Mental Health and Aging
In the United States’ rapidly aging population, physical and mental health often affect each other, one exacerbating the other. Mental health problems such as dementia in older adults are recognized by the World Health Organization (WHO) as “public health issues.” Older adults affected by anything ranging from depression to schizophrenia may not realize what the cause of their affliction is, as they may not have had as comprehensive of an education on mental health. Additionally, mental health issues frequently go undiagnosed, confused for physical ailments or brushed off as mere side effects of aging.

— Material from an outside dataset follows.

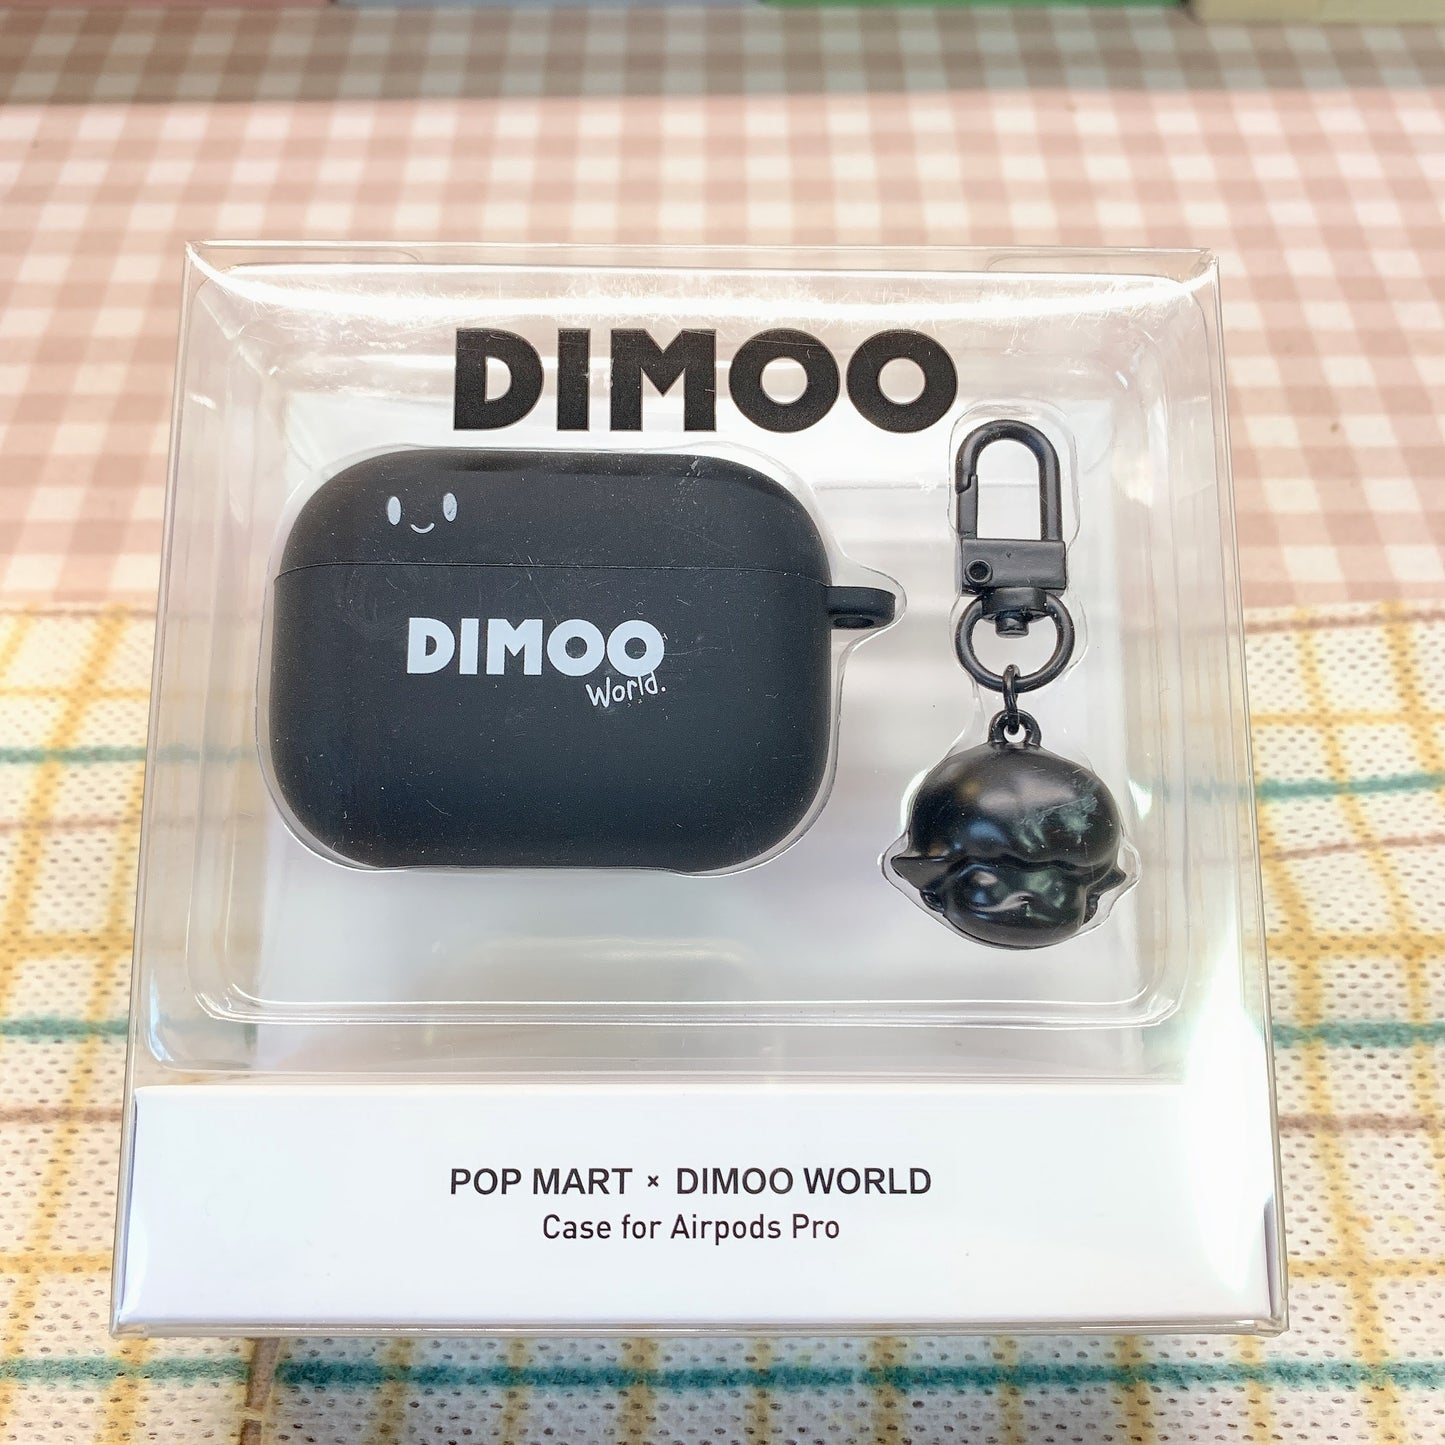 POPMART Dimoo Case for Airpods Pro（black）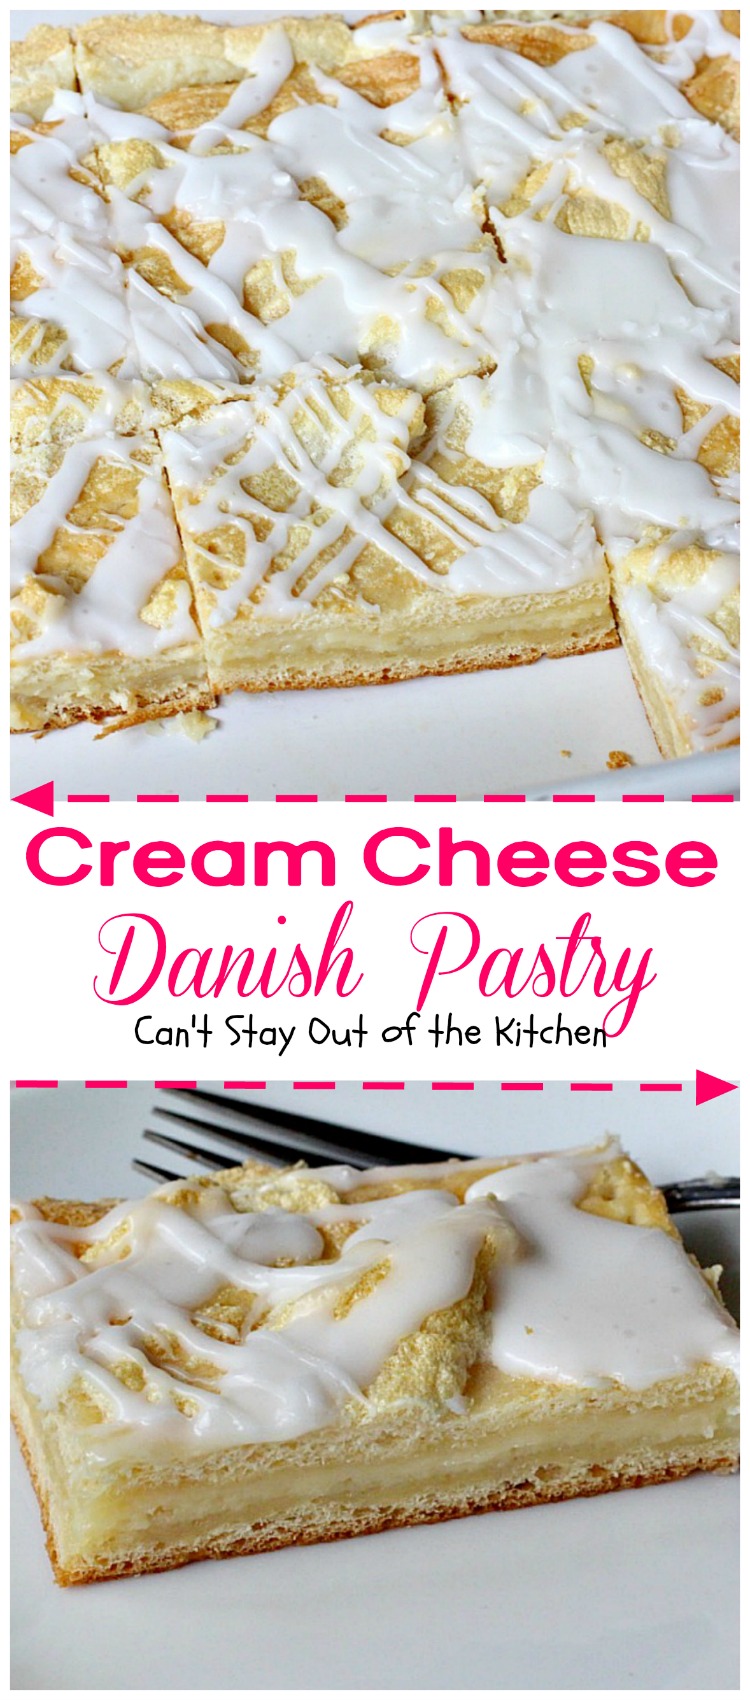 Cream Cheese Danish Pastry | Can't Stay Out of the Kitchen | this fabulous #danishpastry is great for #holiday #breakfasts and it's so, so easy to make.

Feelings of loneliness and hopelessness in older adults have expectedly increased during the pandemic, as many have lost relatives and friends due to illness and are largely unable to interact with others in meaningful ways. Sudden suspension from social interaction is debilitating at any age but is shown to especially harm the oldest populations, those who are already most vulnerable to physical and mental health detriments.
Mental health treatment, like physical health treatment, is expensive. Geographically and economically, this treatment can be hard to attain for underserved communities, which oftentimes happen to be communities of color. This disparity is shown in trends across the nation, and is but one hurdle that must be straddled as mental health research develops. There is no easy solution to this problem. The CDC recognizes that we must “identify risk factors, increase awareness about mental disorders… remove the stigma associated with mental disorders… eliminate health disparities, and improve access to mental health services” (CDC). Breaking this down into its parts can simplify what seems to be an intangible problem into manageable steps of a solution.
Firstly, we must identify “risk factors.” Risk factors include living alone, or a history of hereditary mental illness, but in the modern era our lives are so complex and nuanced that there are a multitude of risk factors that should be considered. The CDC then suggests increasing awareness about mental disorders, which has been shown to be effective. For example, studies indicate that discussions about an individual’s suicidal thoughts tend to lower suicide rates. The National Institute of Mental Health states that “asking someone directly, ‘Are you thinking of killing yourself,’ can be the best way to identify someone at risk for suicide,” and after identifying this risk, further steps can be taken to help (NIMH). Destigmatizing mental health is a tiring process, but it is a necessary one: starting conversations with family members and peers about mental health fosters an open and supportive environment. However, it is important to simultaneously recognize that the topic of mental health is a more recent one, and ingrained stigma is inevitable. By increasing awareness on the national level and possibly implementing programs that educate students about mental health in their formative years, the stigma can be fought. “Health disparities,” or differences in access and quality of healthcare, often stem from amounts of privilege (or lack thereof) such as socioeconomic standing. To eliminate such disparities requires fundamental change in the American governmental system and in society itself. Finally, improving “access to mental health services” ties back to creating a more equitable resource distribution system, and as more energy and funding is invested in this field, mental health services will become more available for every citizen. The development and growth of hotlines such as the National Suicide Prevention Lifeline in recent years is but an example of how in the ever-digitized world, health services adapt and overcome.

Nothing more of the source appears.